*Problem details*. From first line to last, transcribe the listing exactly and skip any image.

*Raw data*.

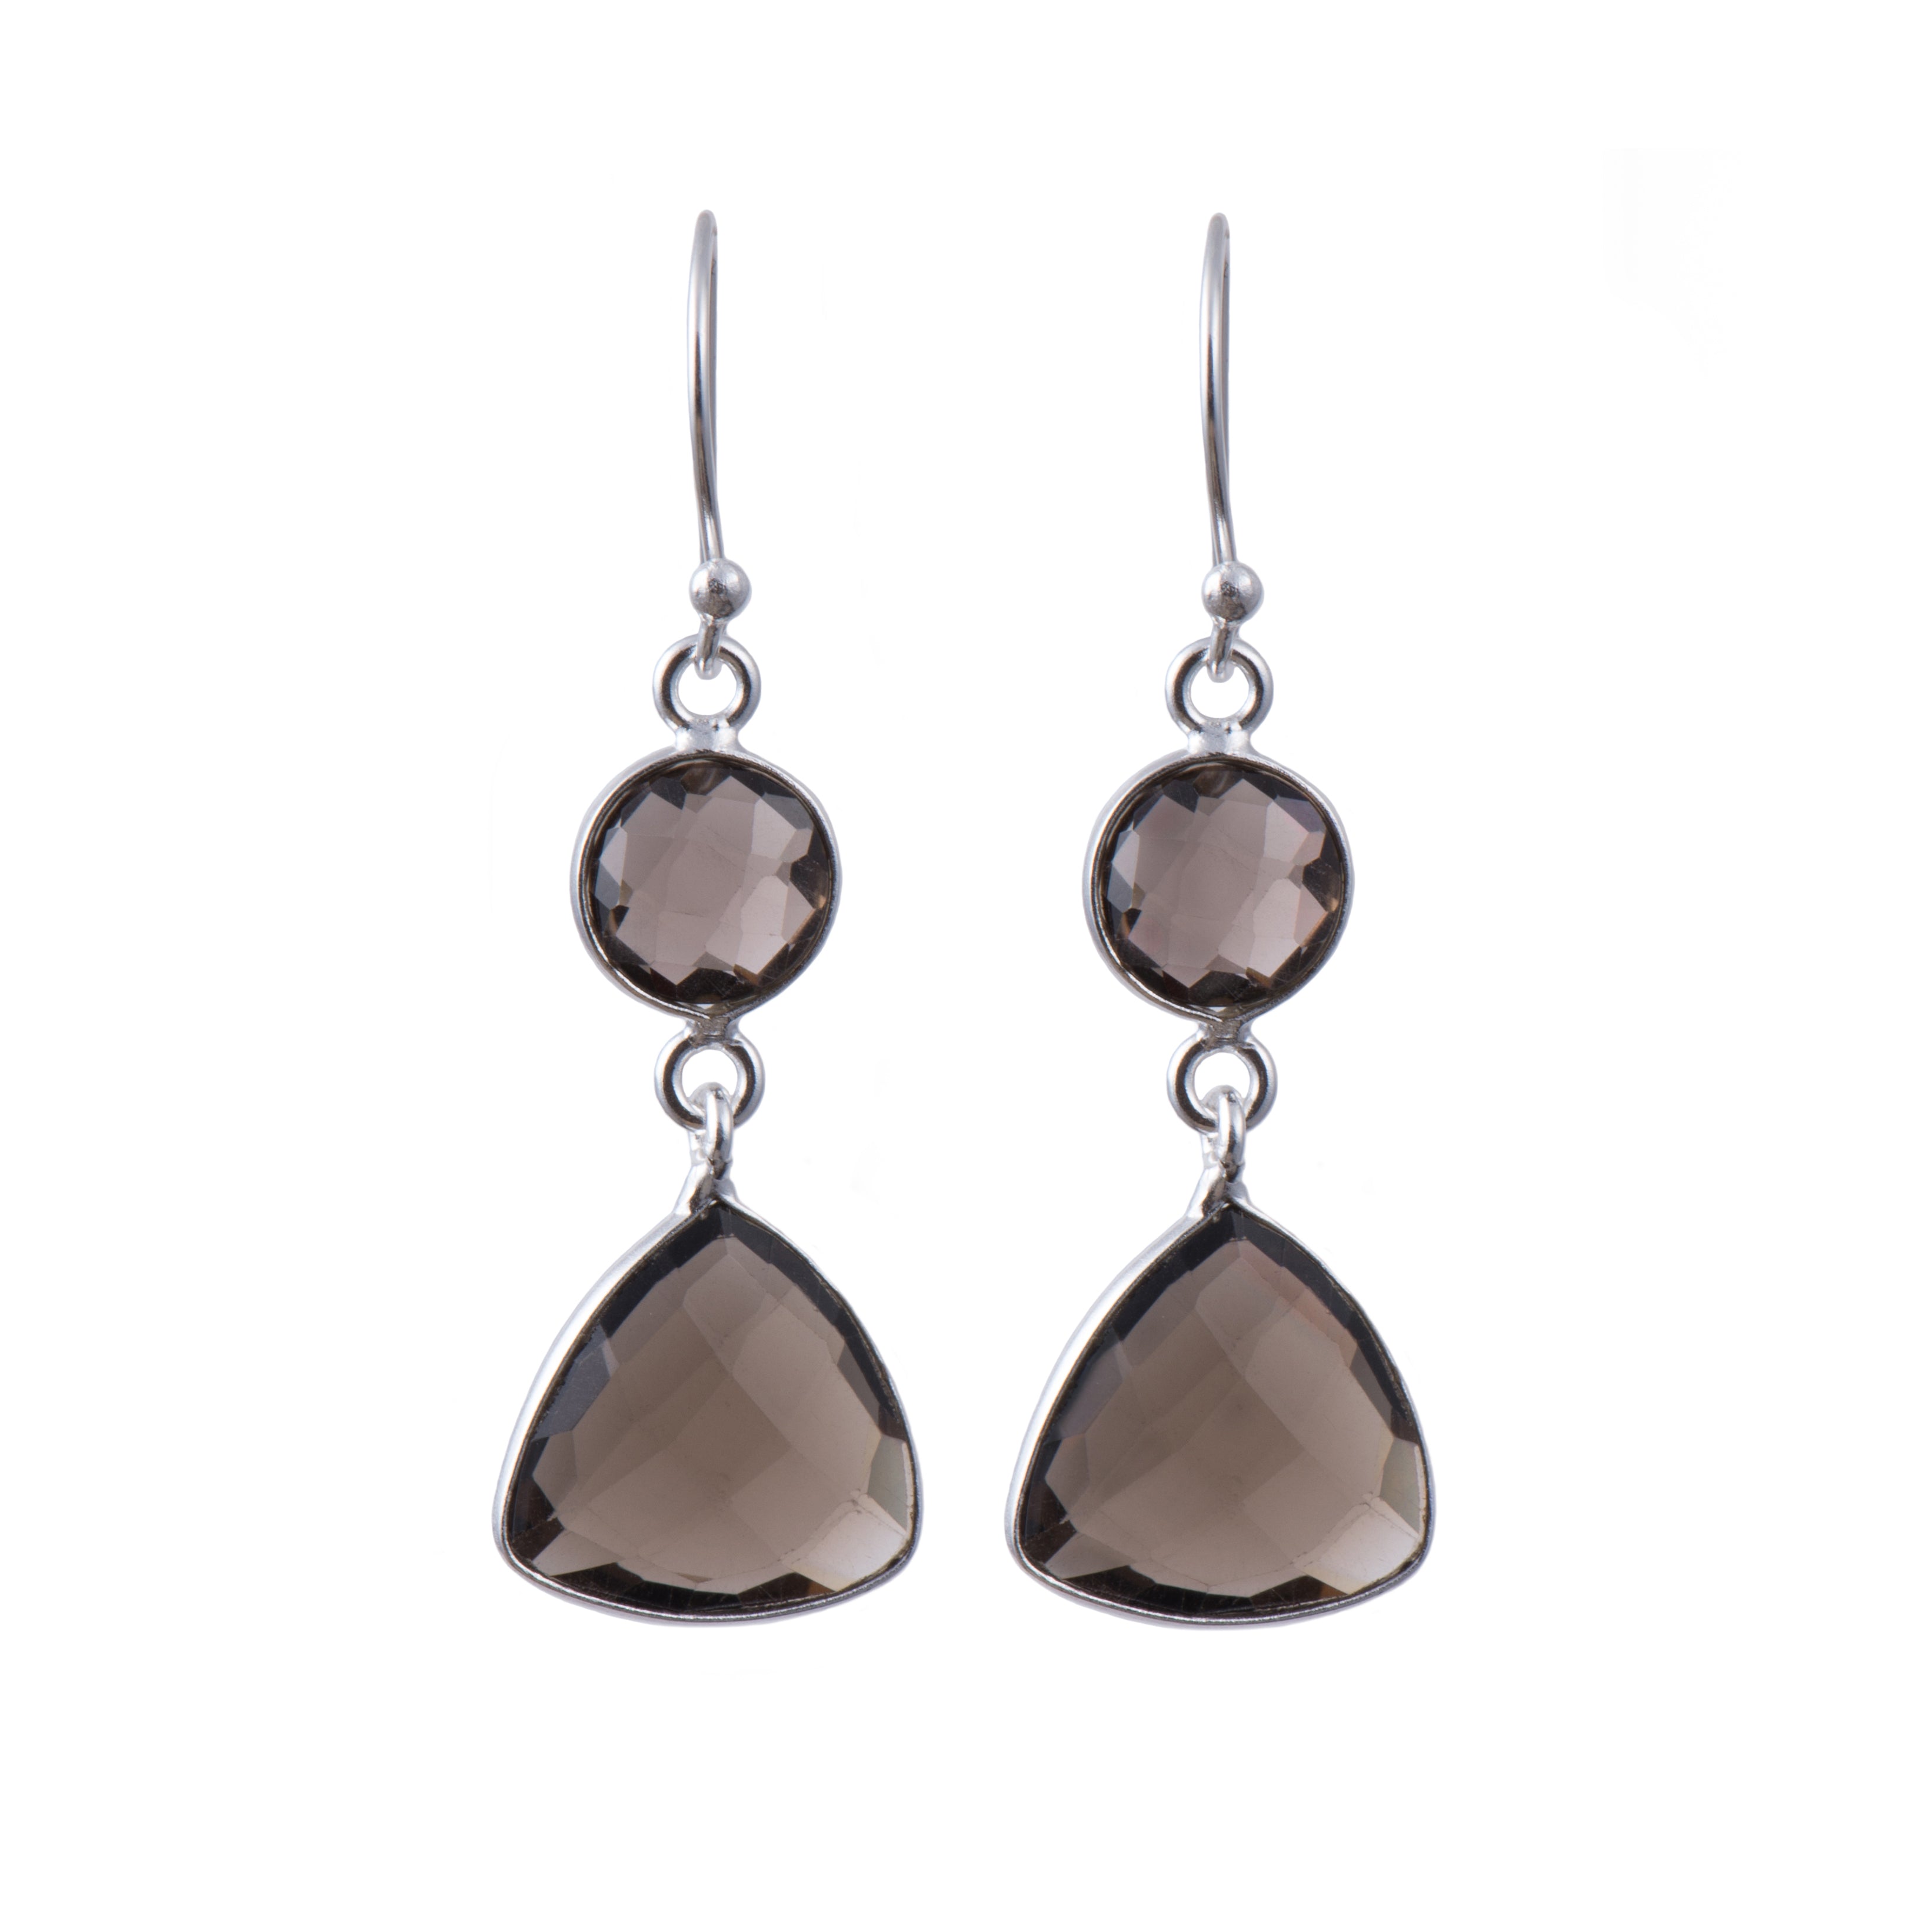 Smoky Quartz Gemstone Earrings in Sterling Silver - Triangular
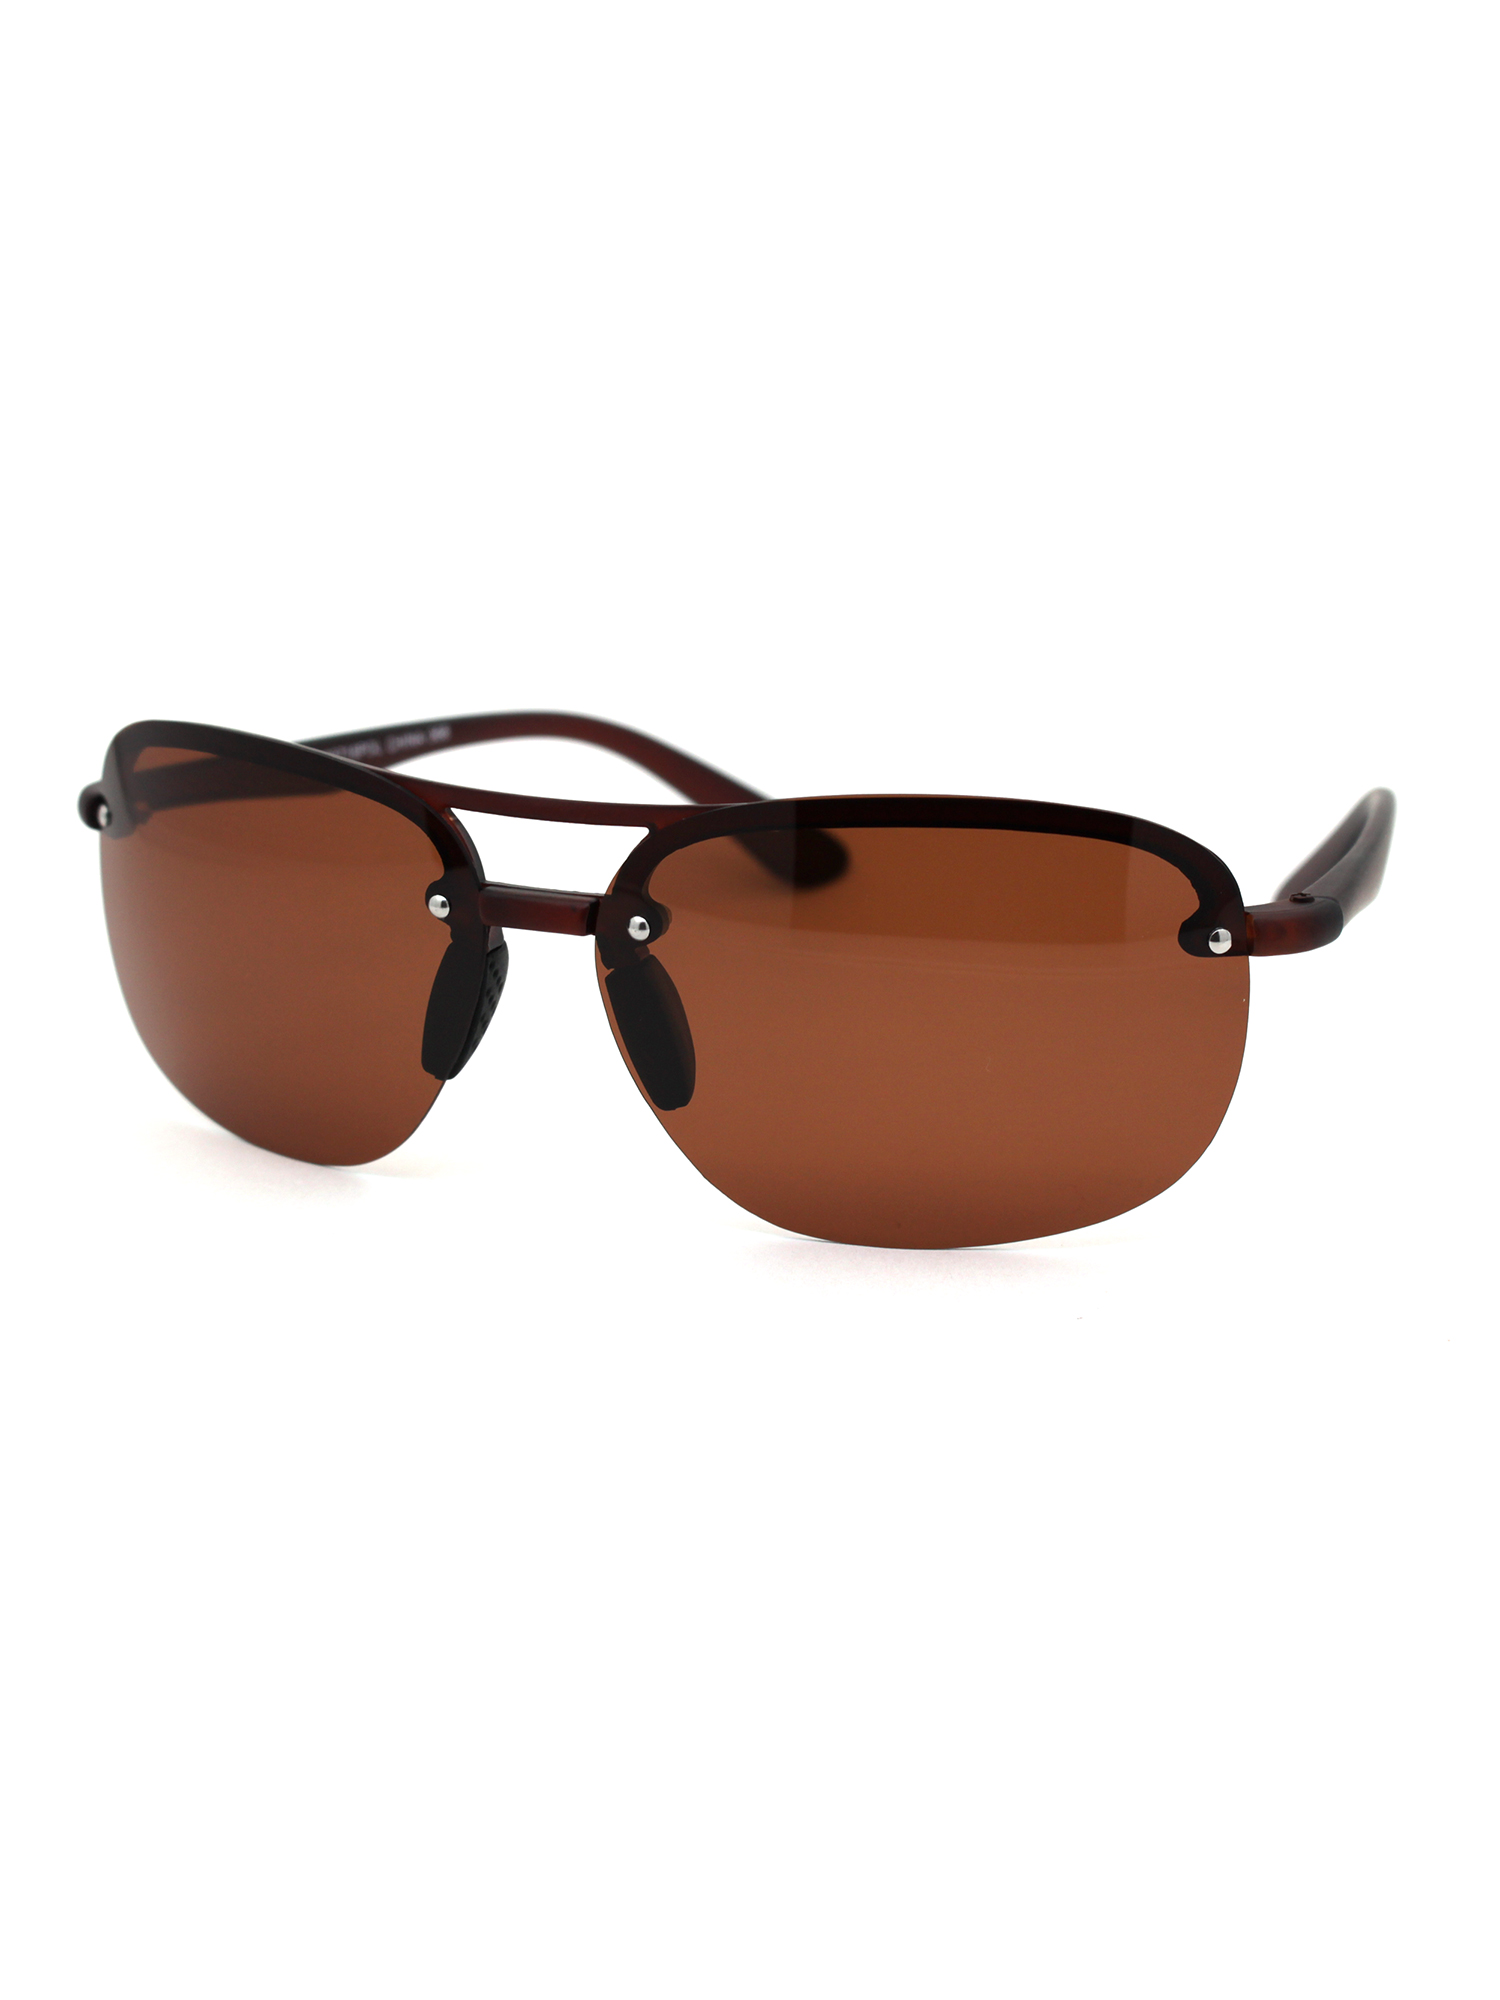 Polarized Mens Classic 90s Half Rim Rimless Style Racer Sunglasses Matte Brown - image 1 of 4
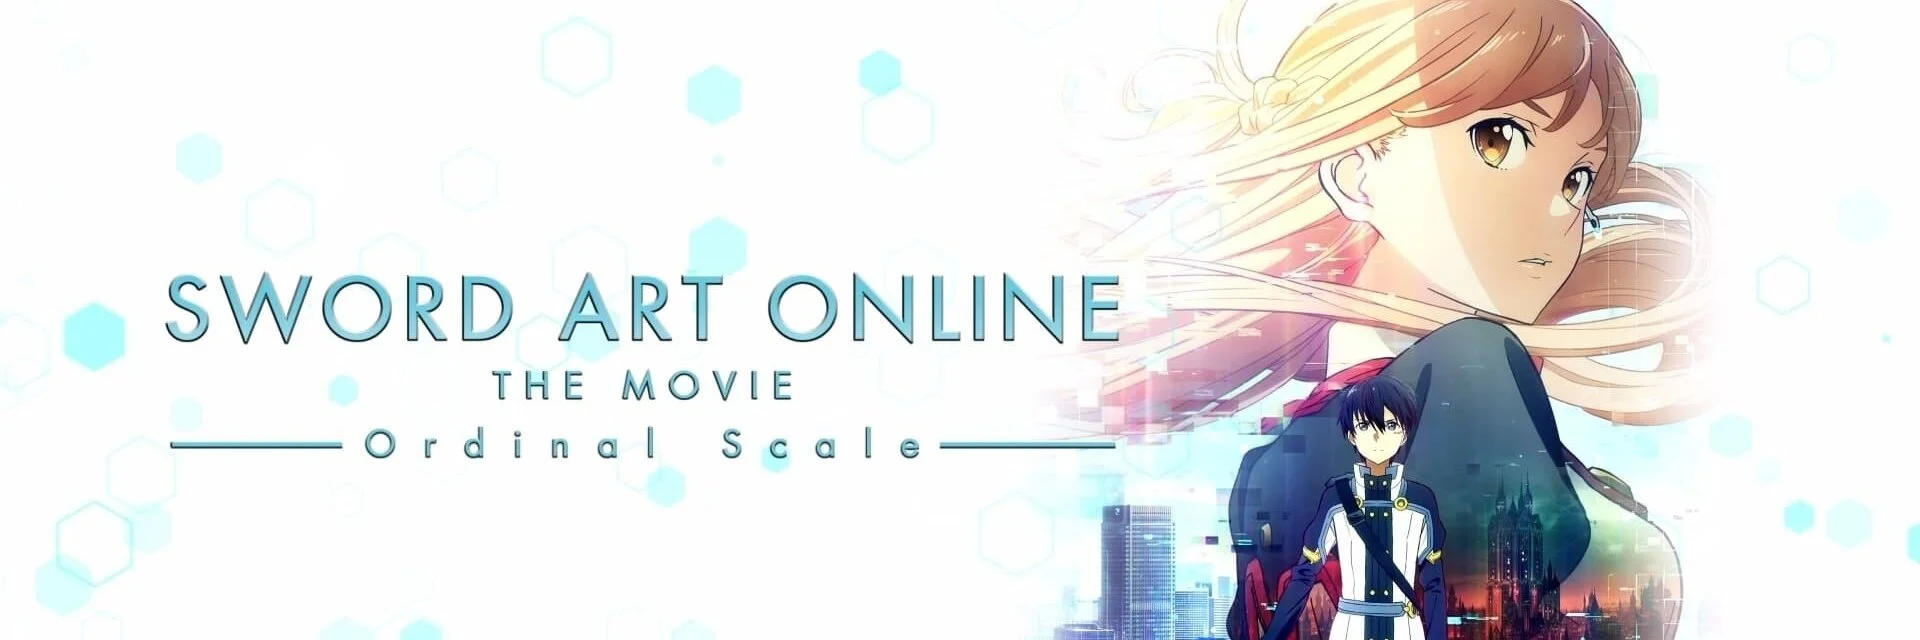 Sword Art Online The Movie: Ordinal Scale 4K 2017 big poster
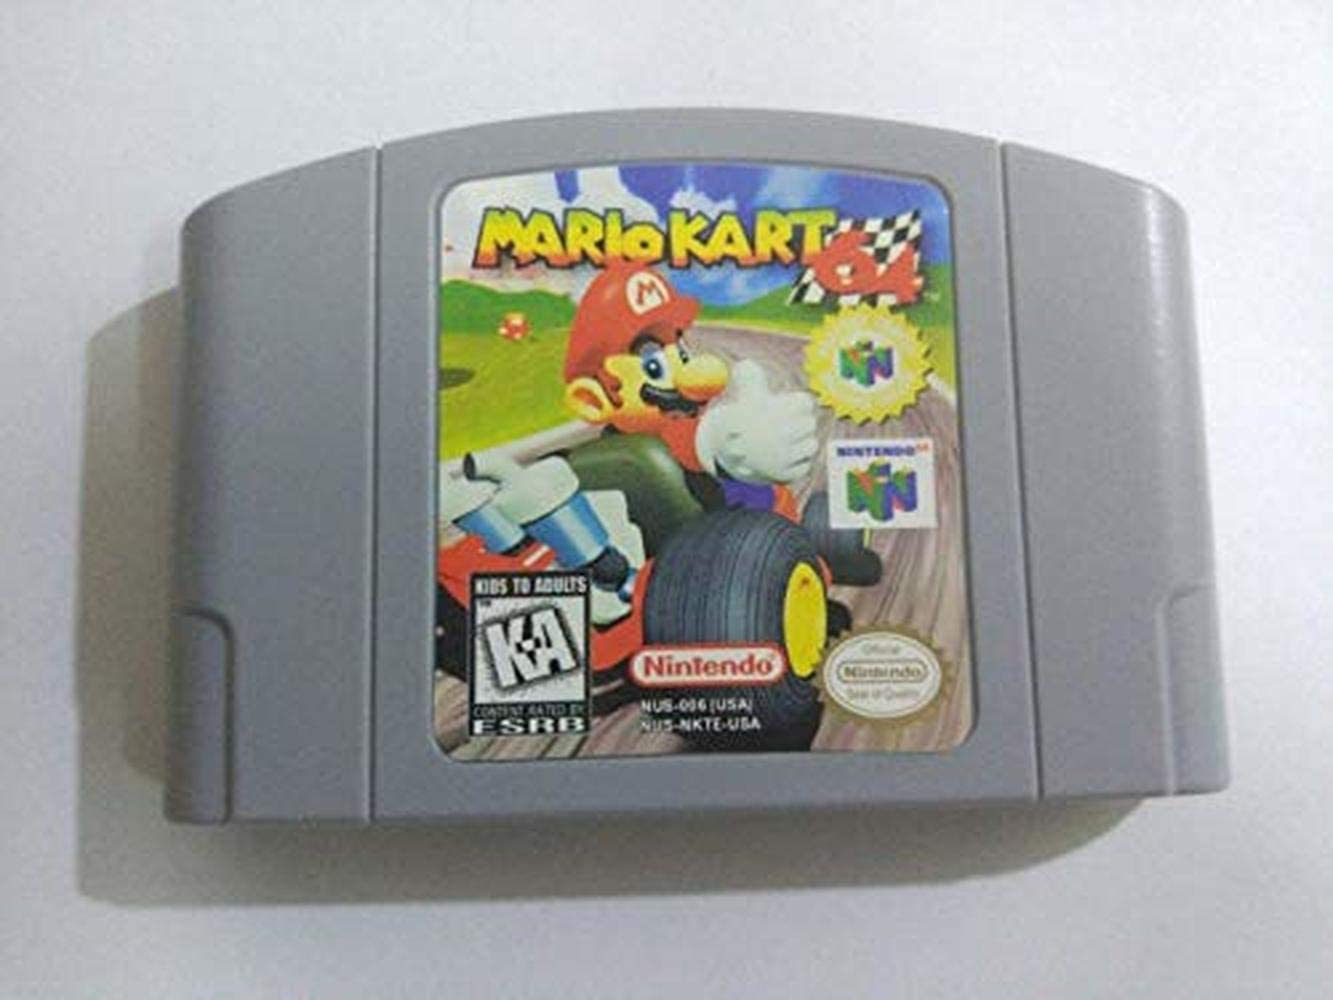 New for Nintendo N64 Mario Kart 64 VIDEO GAME Cartridge Card US Version

*Exercise solution*.
 Smoky Quartz Gemstone Earrings in Sterling Silver - Triangular
 Polarized Mens Classic 90s Half Rim Rimless Style Racer Sunglasses Matte Brown - image 1 of 4
 Sword Art Online The Movie: Ordinal Scale 4K 2017 big poster
 New for Nintendo N64 Mario Kart 64 VIDEO GAME Cartridge Card US Version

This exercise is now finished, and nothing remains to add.